Falun Gong: Un groupe religieux qui veut faire tomber le Parti communiste chinois peut-il survivre à Hong Kong?

Les marcheurs, vêtus de jaune, portaient des lotus violets, des symboles yin-yang et d’autres icônes bouddhistes traditionnelles. Mais ce sont leurs bannières géantes, tenues en hauteur ou montées sur de petits flotteurs, qui indiquent qu’il ne s’agit pas seulement d’un rassemblement religieux.

“Restez à l’écart du Parti communiste chinois.
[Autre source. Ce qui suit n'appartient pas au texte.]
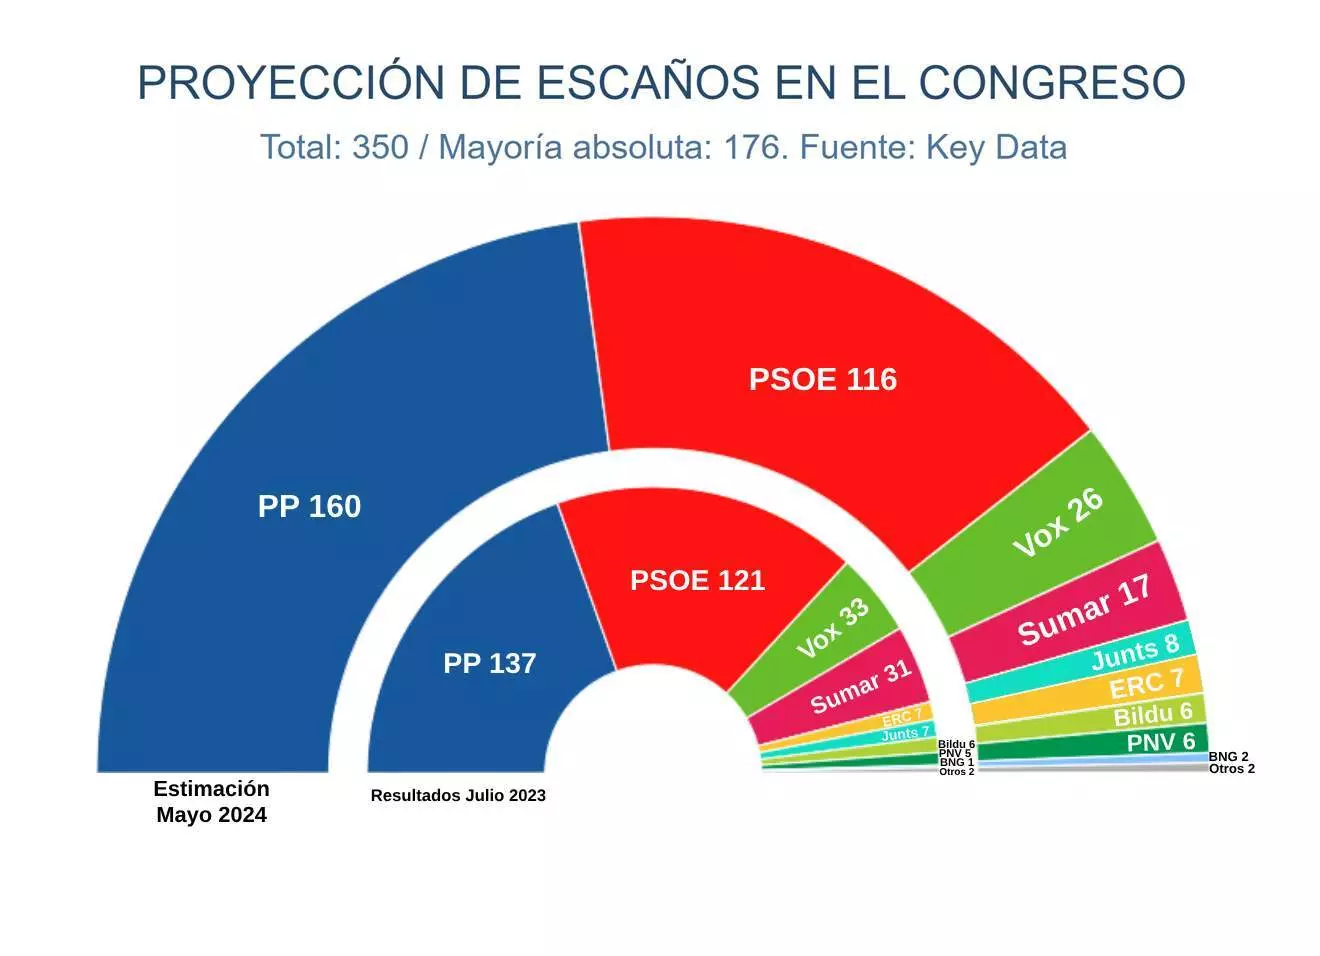 El PSOE sale reforzado tras el periodo de reflexión de Sánchez y el crecimiento del PP se frena

Arrêtez la persécution du Falun Gong.”

Mouvement religieux apparu en Chine au milieu des années 1990, le Falun Gong a gagné en popularité à l’échelle nationale avant d’être interdit et brutalement réprimé sur le continent en 1999. Mais il continue d’opérer à Hong Kong grâce à une plus grande protection des droits de l’homme sur le territoire.

Une femme regarde les partisans du groupe spirituel du Falun Gong, interdit en Chine continentale, prendre part à une marche à Hong Kong le 27 avril 2019, pour observer le 20e anniversaire d'une grande manifestation à Pékin qui a conduit à une répression contre le mouvement .
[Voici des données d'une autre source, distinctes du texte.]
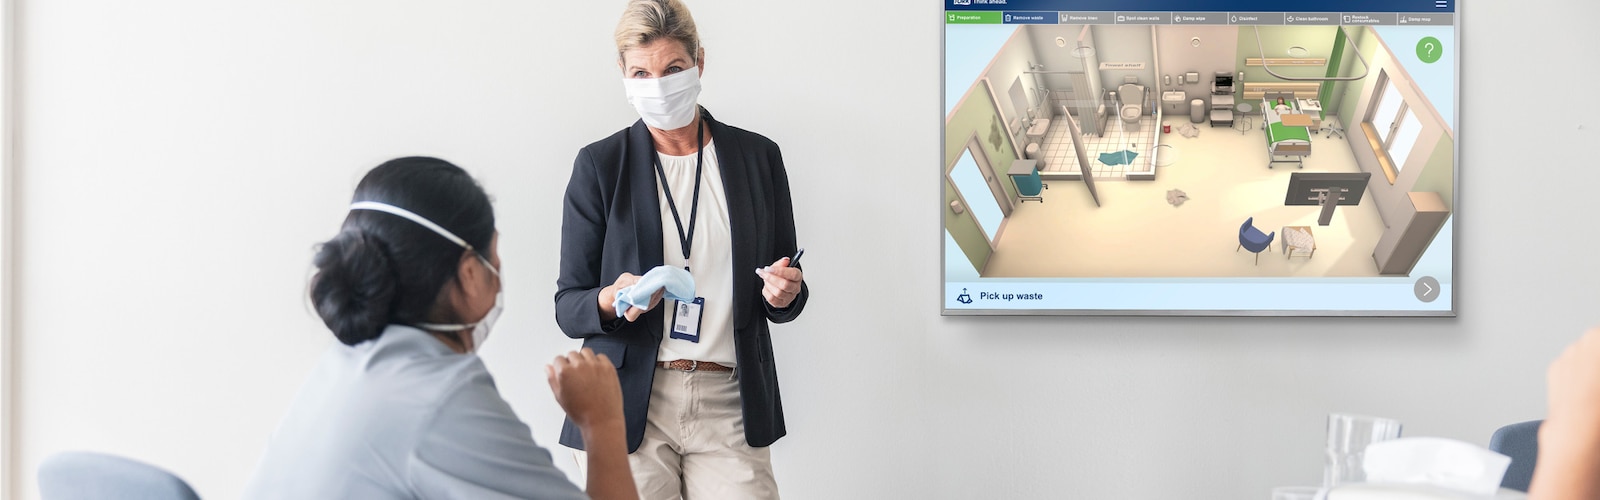 Tork interaktivna obuka za čistu bolnicu

Traverser la frontière en bus depuis la Chine et voir des pratiquants de Falun Gong distribuer des tracts anti-communistes était autrefois l’un des signes les plus visibles de l’autonomie relative de Hong Kong par rapport à Pékin.

Tout ce qui pourrait bientôt être considéré comme illégal nouvelle loi sur la sécurité adoptée par la Chine pour Hong Kong le mois dernier qui a criminalisé «les actes de sécession, la subversion du pouvoir de l’État, les activités terroristes et la collusion avec des forces étrangères ou extérieures pour mettre en danger la sécurité nationale».
Des lois similaires en Chine ont été utilisées pour poursuivre les pratiquants de Falun Gong, que Pékin dénonce comme “culte diabolique“cela” prêche des erreurs hérétiques qui sont anti-humanité et anti-science “à travers le contrôle de l’esprit des gens.
Les pratiquants de Falun Gong rejettent ces accusations et affirment qu’elles ont été injustement ciblées et réprimées par les autorités chinoises. Des milliers de pratiquants de Falun Gong seraient détenus “dans diverses prisons et centres de détention extralégaux” en Chine continentale, selon le groupe de défense des droits basé à Washington Freedom House – une accusation que Pékin nie également.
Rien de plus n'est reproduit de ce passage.